I will discuss three approaches to solve this in JAVA.
Simple Approach : Use JSONObject Class from org.json.jar , it has Constructor to parse the String which converts into JSON Object, now simply traverse this JSONObject to find depth. But this solution will fail as it does not cater to memory constraints.
Traditional Approach: Traverse the Json character by character and increment depth count by one whenever you encounter opening brace.
Since these JSON may not fit into memory , even if we assume that some responses do fit into memory, but still it will be dangerous to flatten deeply nested JSON objects recursively, as their are limits to the depth of stack as they could result in stack overflow errors.
Also from performance standpoint, recursion is usually slower than an iterative solution when the stack frames are large in number.

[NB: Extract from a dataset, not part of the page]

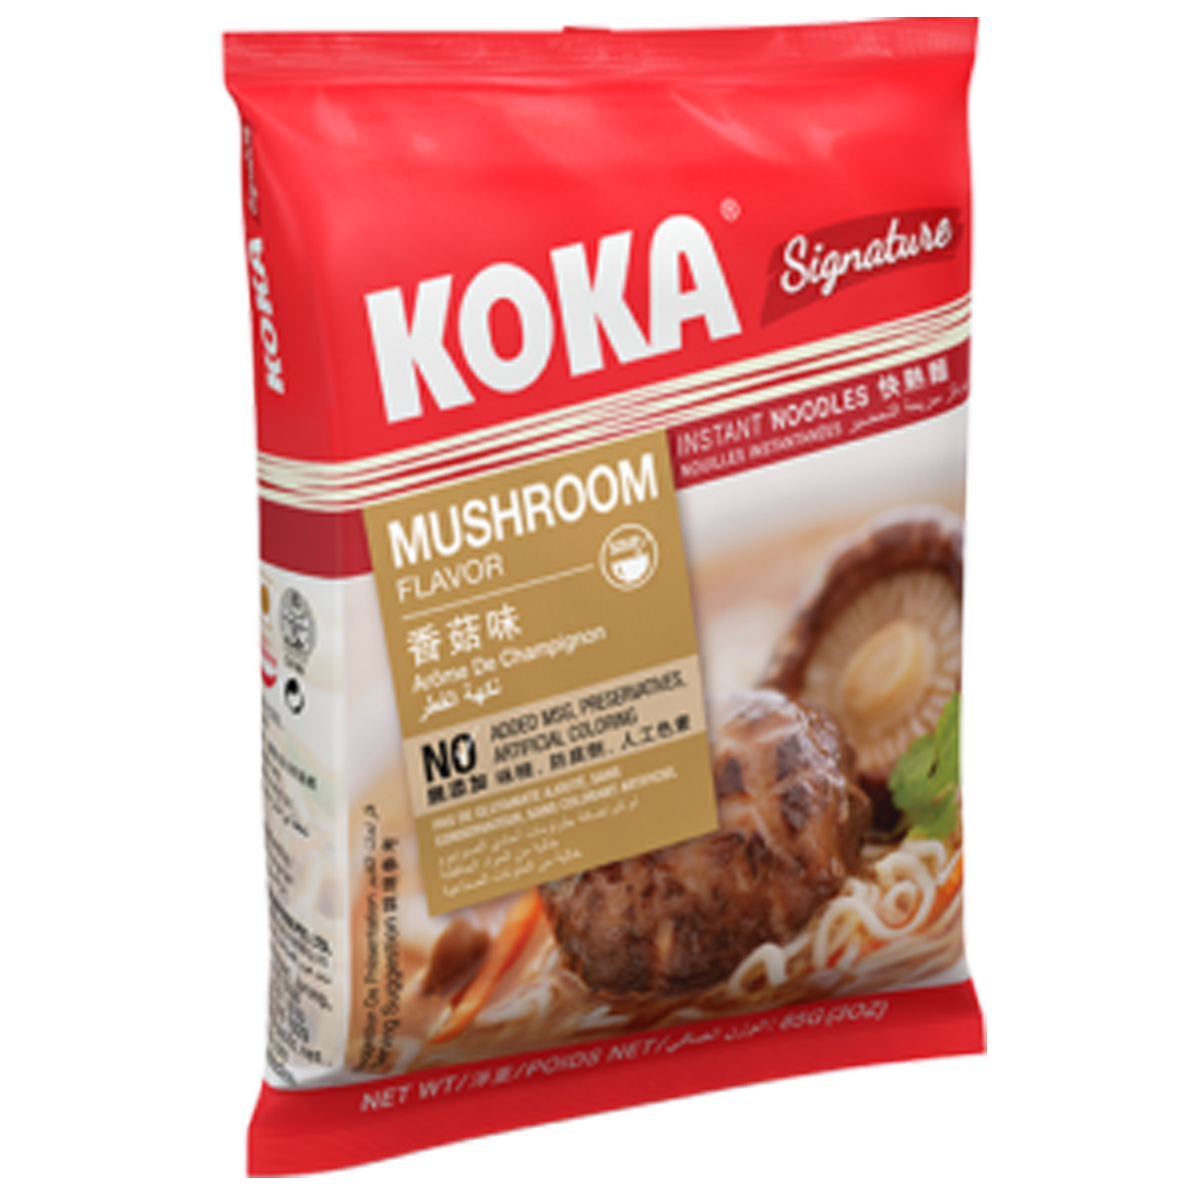 Koka Signature Mushroom Flavor 85g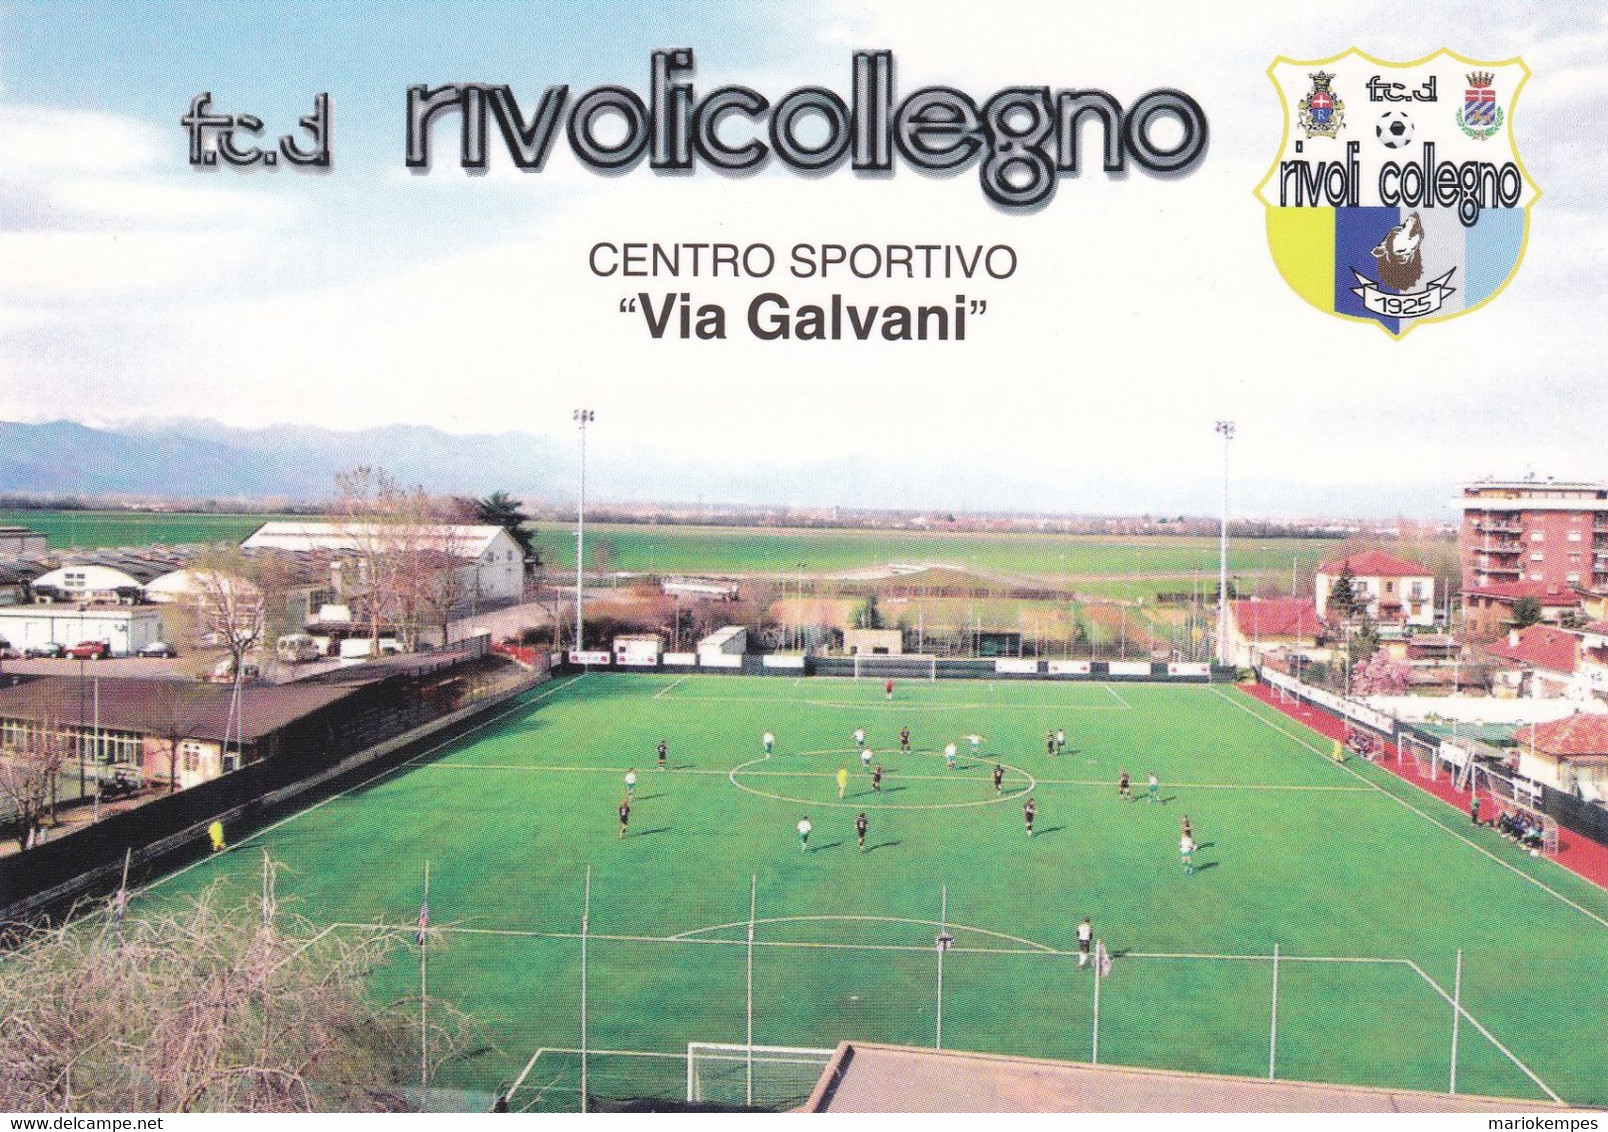 COLLEGNO ( TO )_F.C.D. RIVOLICOLLEGNO_CENTRO SPORTIVO "VIA GALVANI" _Stadium_Stade_Estadio_Stadion - Stadia & Sportstructuren

Even the JSON would have been small, Pseudo Algorithm would have been something like this:
1) Maintain a total_depth counter variable , nested_depth counter variable
2) Traverse the JSON, follow the below conditions
a) If current character is '{' increment the nested depth count and total_depth count if a new depth is encountered.
b) If character is ‘}’. Check if nested_depth is > 0 as that means we previously had a ‘}’ character so decrement the nested_depth counter.
c) Repeat steps a & b until you reach the end. once you reach the end return the total_depth counter.
Optimal Approach : Let me give you a Hint ! (See the below Diagram)
Figure :Parallel Processing |
Use the above approach but in a multi-threaded environment clubbing the Producer-Consumer Approach.
I have written a set of utilities for Parallel Processing below is the link for it :
The above abstract class is extended with a maxDepth variable of type AtomicInteger as multiple threads are setting its value . Also a level object is needed which holds the depthValue and one unit of JSON (i.e everything between ‘{’ to ‘}’ including nested JSON’s) as it member variables.
This level object is then pushed in to a Blocking Queue (of defined size say 100 to handle memory constraint). Now One task thread is dedicatedly used to create the above level objects with single unit of JSON & depthValue and push it into the Blocking Queue till it gets full or it reaches the end of the JSON Response(It can then join the remaining task threads for processing).
And the remaining task thread assume dual role of consuming/processing (setting up the depth etc) as well pushing it back into the queue.
If the JSON encountered is a nested one then they simply create a new level object with depthValue incremented by 1 and the nested json(Here we also increment the maxDepth variable as well).
The above task executors poll continuously and process the contained JSON, and if they find the nested JSON embedded in it, they put it back into the Blocking Queue with the depth value incremented and the nested json.
So at a time say 10 threads do the depth finding task in parallel. Thus parallel processor framework can put a cap on memory and utilizes the CPU cores effectively.
There might be multiple approaches to solve this problem, this was asked in a BlueOptima Software Engineer interview.